Prop. 123 was the βfirst step.β
Since January, supporters of the proposition, from Gov. Doug Ducey on down, told us so, again and again.
βThis is a first step β a big first step β but not our only step to improve public education in Arizona,β Ducey said during his state of the state speech in January.
The fundamental message of the pro-123 campaign was, βDo this now, and weβll do more later.β
Well, βlaterβ has quickly arrived. Education advocates made that clear by holding a press conference in Phoenix Monday, arguing that the state should be paying $1 billion more per year for schools, just to get back to pre-Recession funding.
This will be a hard sell.
If Ducey and the education advocates who pushed 123 to victory really want a next step β and I think they should β theyβll have to figure it out carefully. Thatβs because the proposition nearly lost, thanks in large measure to voters who were suspicious of spending more on public education.
And as hard a struggle as Prop. 123 was, it may make another increase in education funding an even harder sell. The question, βDidnβt we just increase spending on schools?β will naturally occur to many of those who voted in the special election.
Thatβs a tough lesson for me to swallow. Iβm like a lot of Pima County voters who were angry about Prop. 123 because it allowed the Legislature to get away with funding about 70 percent of its obligation to make annual increases to education spending under Prop. 301, which we passed in 2000.
I grudgingly supported this yearβs measure because I didnβt see another practical way around the Legislatureβs hostility over education, but most of the county voted βno.β
The likelihood is, Pima County β perhaps along with Coconino County β was an outlier in embracing that argument against Prop. 123. Yavapai County, a strong Republican jurisdiction, voted against the proposition by a 6 percent margin.
In his analysis of the special election, the pro-123 campaign manager, J.P. Twist, said most βnoβ opinions stemmed not from anger at the Legislature over too little spending, but suspicion of where the money would be going.
βOverwhelmingly, βnoβ respondents expressed concerns about Common Core, teacher standards and wondered where current funds are being spent,β he wrote. βThey wanted to know specifically where the money was going to go, and they worried it would be misspent,β he said.
So this will continue to be a strong strain of Arizonaβs electorate as we move into the next stage of the debate. If youβre like me and believe we need to go much further in funding schools and paying teachers, itβs going to be a tough struggle.

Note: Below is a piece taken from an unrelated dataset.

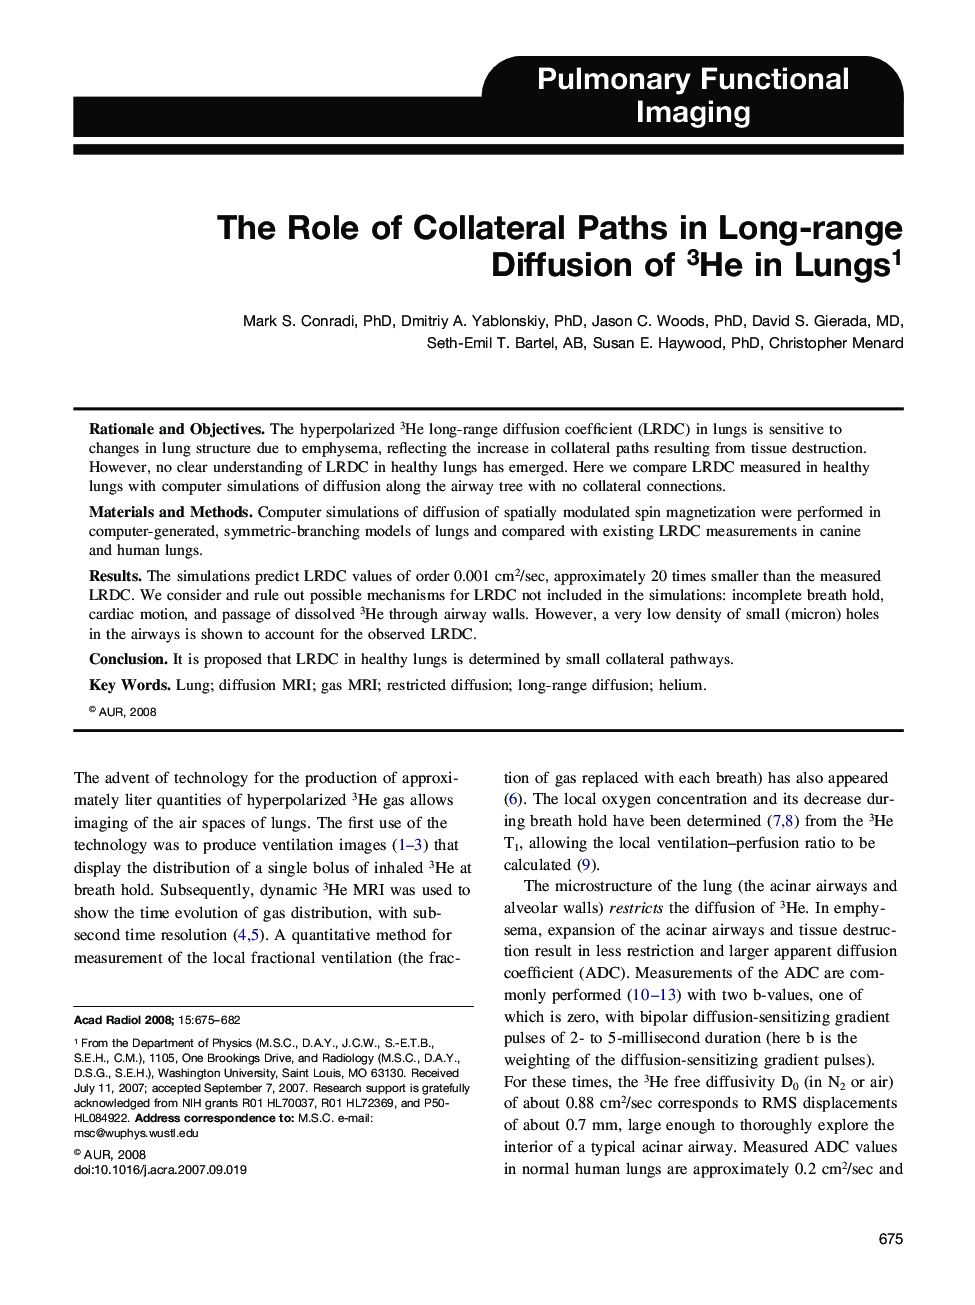 The Role of Collateral Paths in Long-range Diffusion of 3He in Lungs
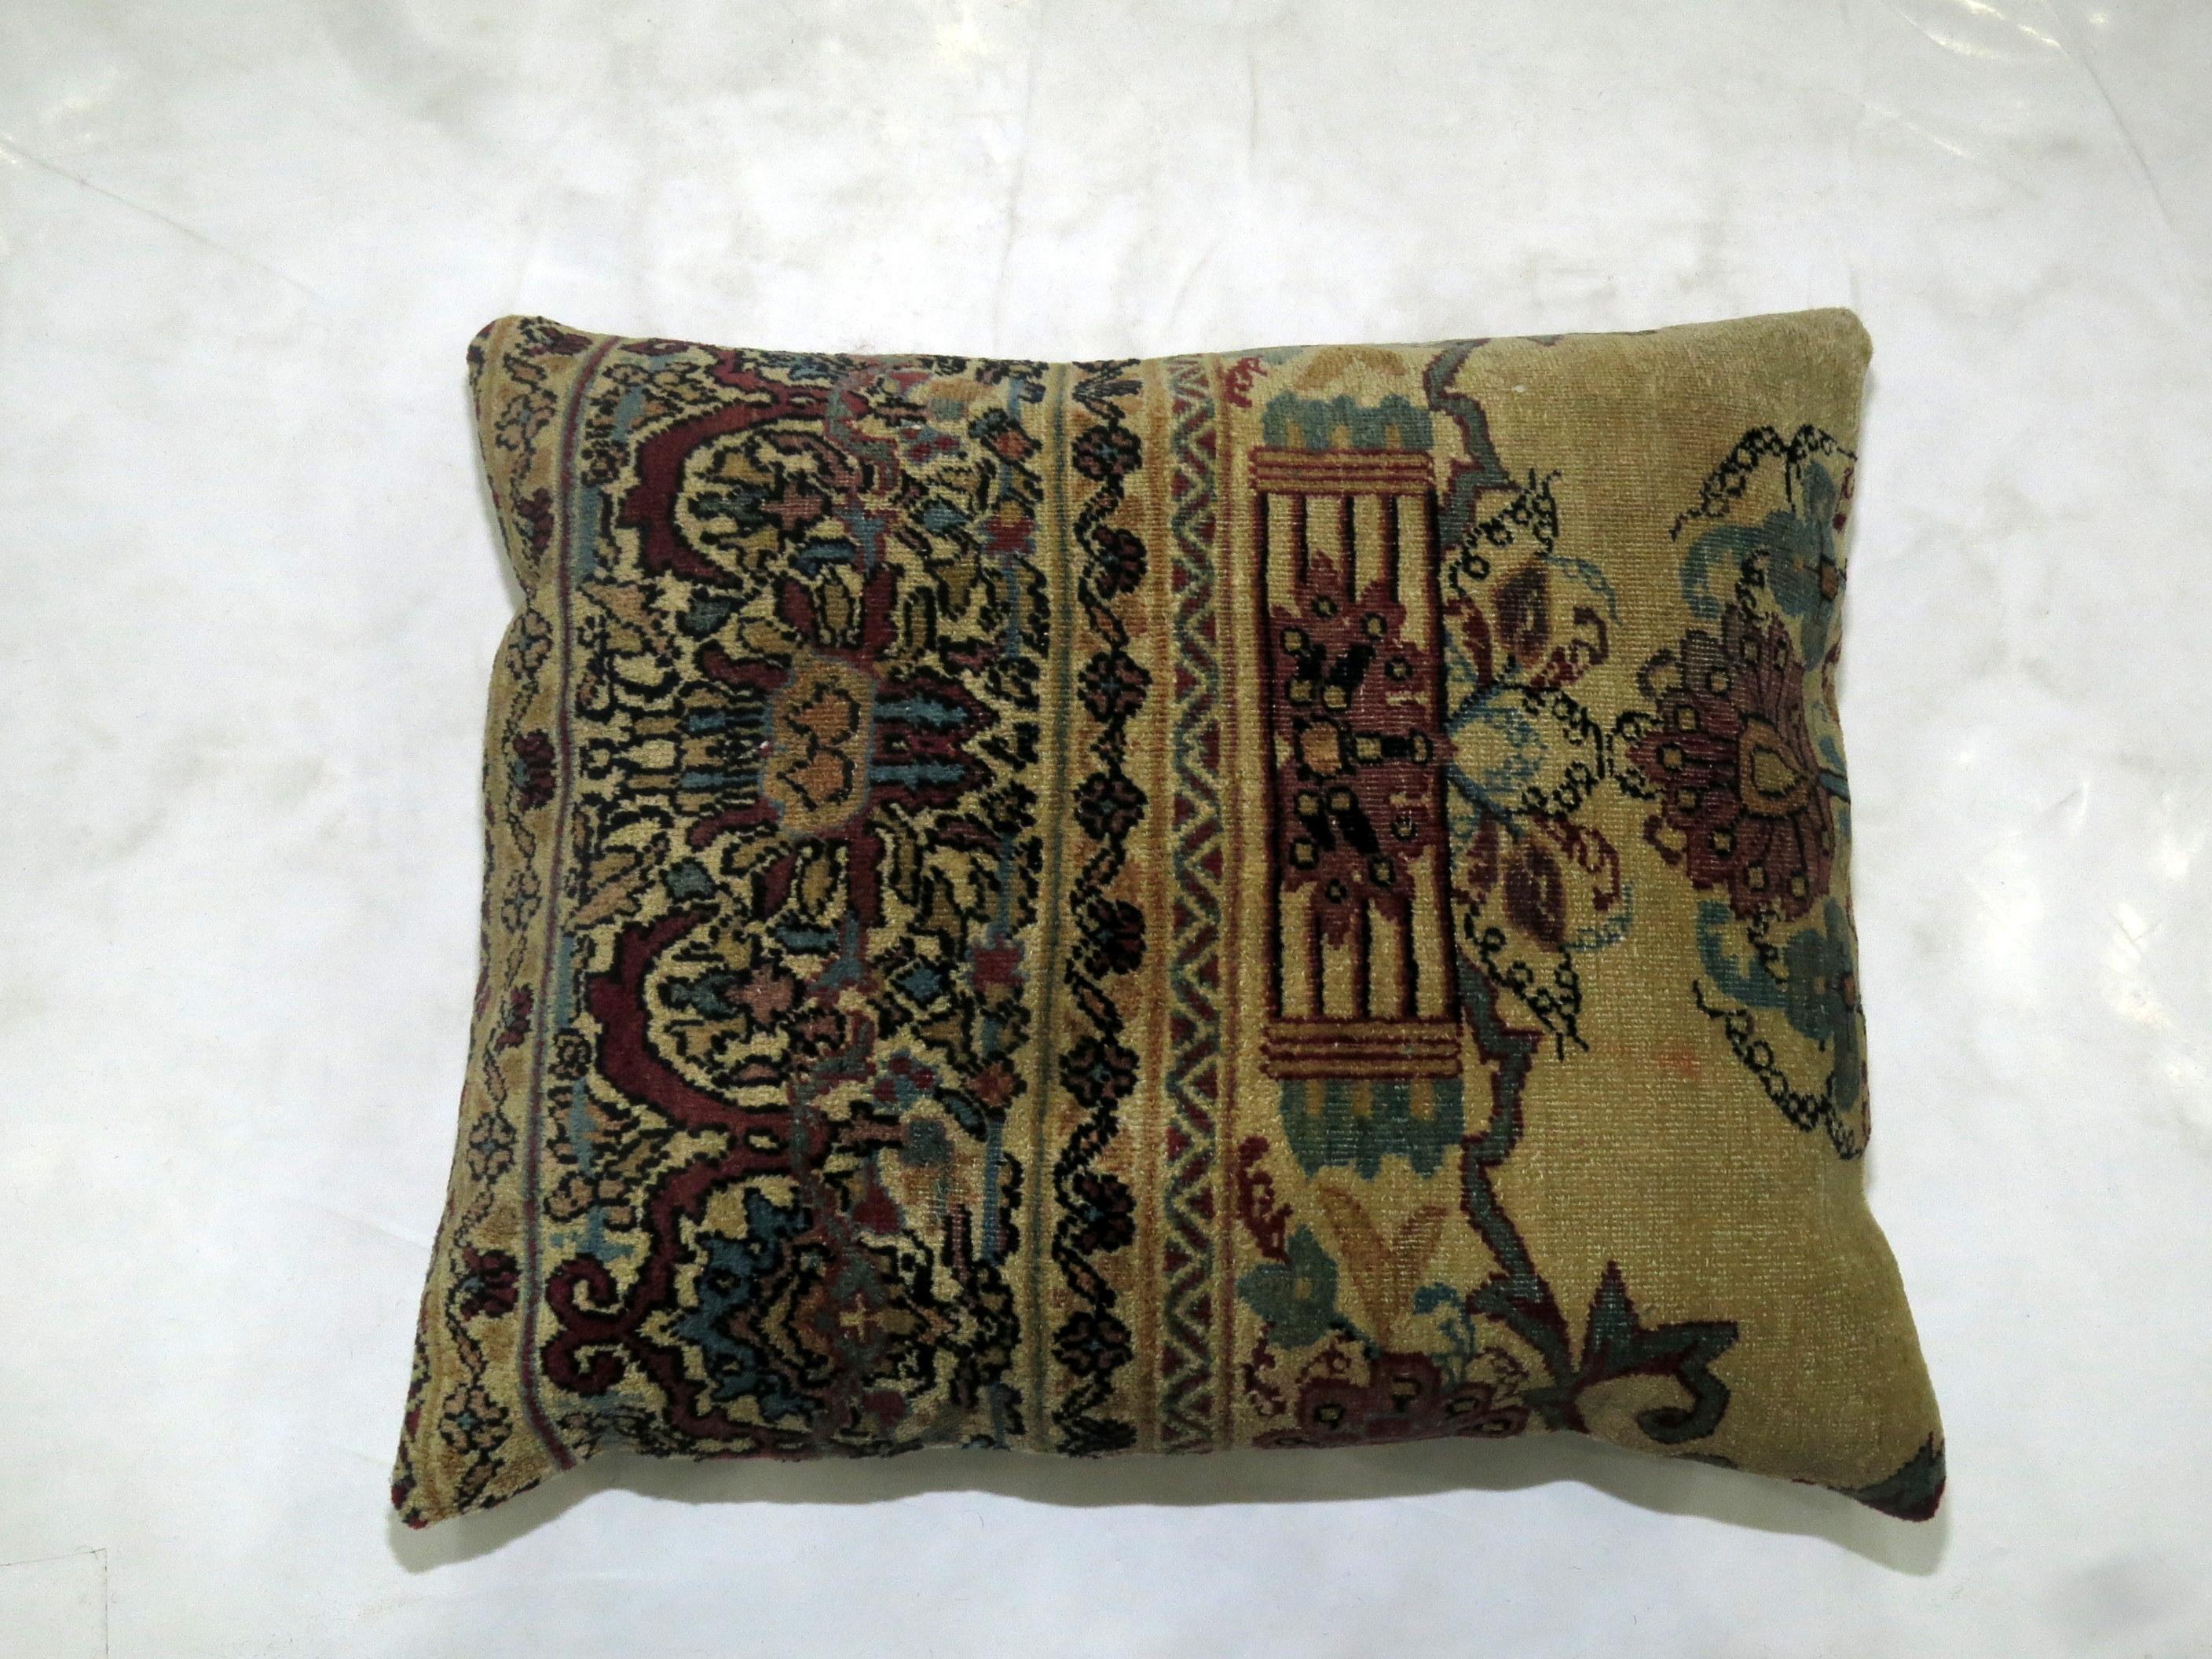 Rose and Khaki Persian Kerman Rug Pillows In Good Condition For Sale In New York, NY

Perhaps the simplest step would be to βthrow the bums out.β The bums, in this case, would be those Republican legislators who opposed increasing education funding along with inflation and fought the school districts who sued over the issue.
But thatβs easier said than done. In Southern Arizona, most of the legislators are Democrats, who have been pushing for increased funding. And another of them is a Republican, Chris Ackerley, who is a teacher and has also pushed for increased funding.
The only two legislative districts in Southern Arizona where voters could conceivably punish those responsible for the funding impasse are LD 11, which covers parts of the Tucson areaβs northwest side and Pinal County, and LD 14, which covers all of Cochise County and part of easternmost Pima County.
There are Democrats running in those districts, but theyβll likely have an uphill battle in those Republican-leaning areas.
Even if the Democrats were to capture one chamber of the Legislature β practically, it could only be the Senate β that would not give them the power to push through significant spending increases. It would just give some negotiating leverage.
More likely, the βnext stepβ would have to go through the Republican governor and his unlikely education-union allies again.
βThe existing Prop. 123 coalition is the likely mechanism to produce a long-term funding plan for K-12,β said Chris Herstam, a former legislator and chief of staff to Gov. Fife Symington who became a Democrat last year. βI have serious questions about whether the coalition will hold together and whether meaningful action will be taken.β
Dick Foreman, president of the Arizona Business and Education Coalition, warned that the next step βis going to require a major public-policy effort.β
An increase in existing tax rates should not be the first idea that comes to mind, nor should the evisceration of other state departments, he said.
βWhat other states have done is theyβve not just gone to their property, income and sales taxes,β he said. βOther states have added legs to their stools.β
In Arizona, one thing that could mean is looking first at our unusually large number of exemptions from the state sales tax, as well as other tax credits that unfairly benefit interest groups who can afford lobbyists. More than $1 billion per year is lost to those special credits.
βSome people are ready to go to an initiative and go to the ballot,β Foreman said. βI think thatβs a mistake. I think the first point is to give the Legislature a chance.β
That is a frustratingly incrementalist approach. But again, you have to take our reality as it is.
I donβt expect us to get back the $1.2 billion in lost funding any time soon. We probably settled that chance away with Prop. 123.
With the Legislature and governor likely to be in place next session, what we can hope for is another compromise deal that doesnβt do all we want but helps some more.